British musical artist (born 1987)

Ashley-Jade Lucia Thewlis (born 1987) is an English singer-songwriter and actress from Ashton-under-Lyne. She charted at No. 40 on the UK Singles Chart with Soda Club's cover version of Ain't No Love (Ain't No Use).

==Early life==
Ashley-Jade Lucia Thewlis was born in 1987 in Ashton-under-Lyne. She spent the first five years of her life modelling, before attending St Damian's Roman Catholic Science College.

== Career ==

=== Film career ===
In 2001, she played Tina Elliott in the third episode of Bob & Rose, Kelly in the film When I Was Twelve, and the title character in the short film About a Girl, which won the BAFTA Award for Best Short Film. She also played Leanne in the BBC Radio 3 The Wire episode "The Froghunter's Kiss". In 2002, she played "Kimberley, aka 'Louise'" in Blood Strangers, Katrina Brent in The Stretford Wives, and Jodie McAllister in the Casualty episode "What Little Girls Are Made Of". In 2003, she played Karen in David Thewlis' film Cheeky.

===Music career ===
On 16 August 2004, she featured on Soda Club's cover version of "Ain't No Love (Ain't No Use)", which charted at No. 40 on the UK Singles Chart.

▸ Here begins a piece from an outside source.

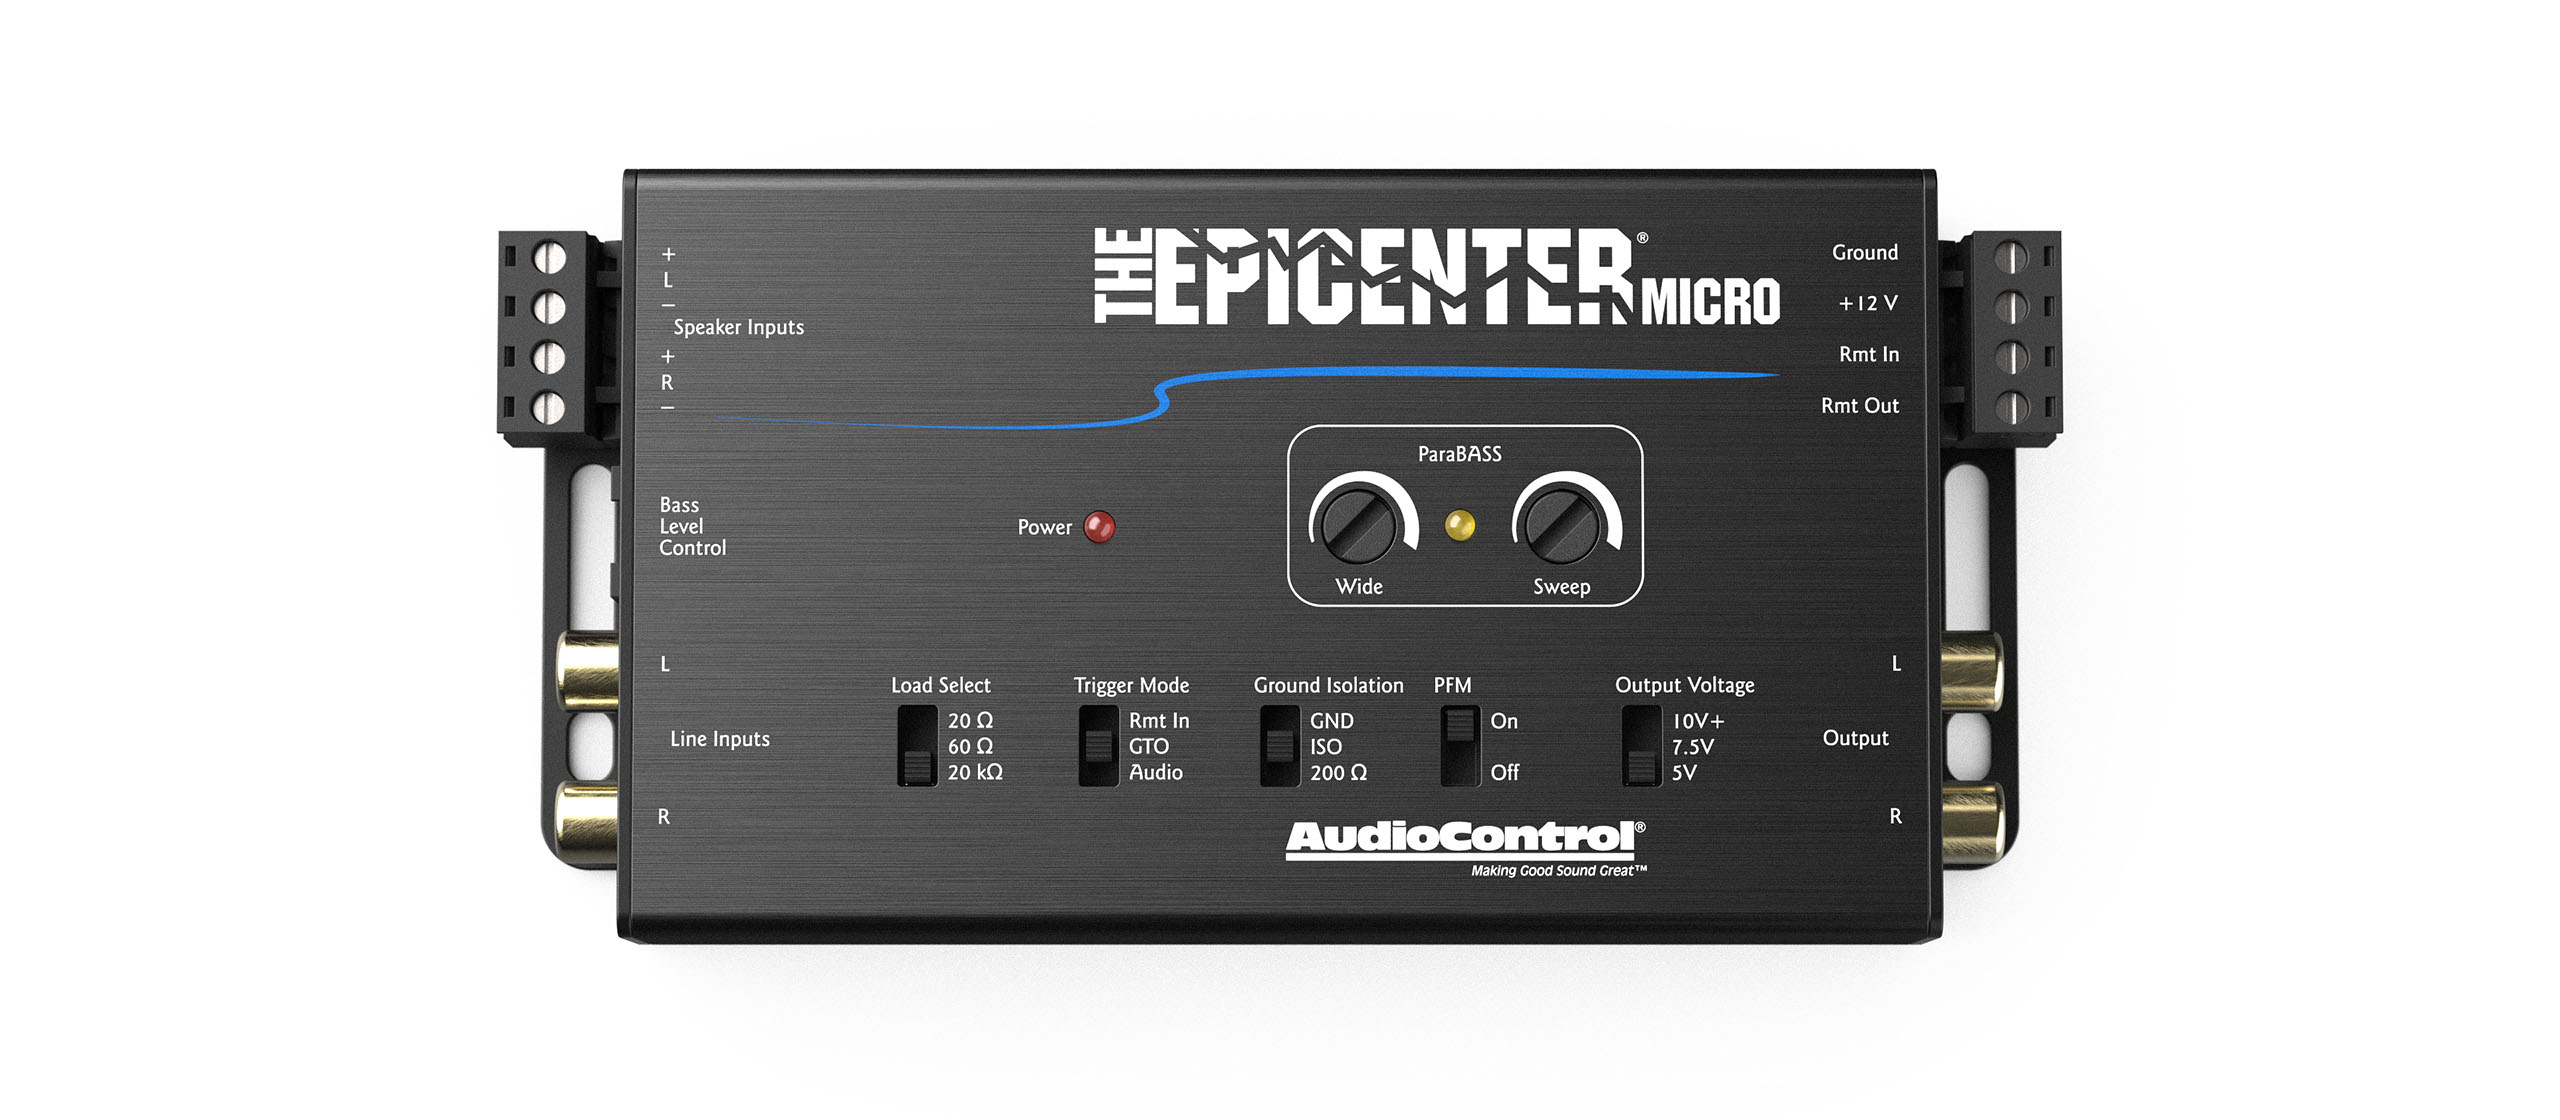 epicenter-micro-top

On 22 November, she released "Let Me Be Your Fantasy". On 12 April 2005, she released an album, Dreaming, which was produced by Love to Infinity, and which featured "Ain't No Love (Ain't No Use)", "Let Me Be Your Fantasy", and "On the Run", the last of which was released as a single on 23 August that year. She also featured in the video for The Girls of FHM's "Da Ya Think I'm Sexy?".

== Personal life ==
Thewlis dated MickDeth until his death in 2013, and had a son with him.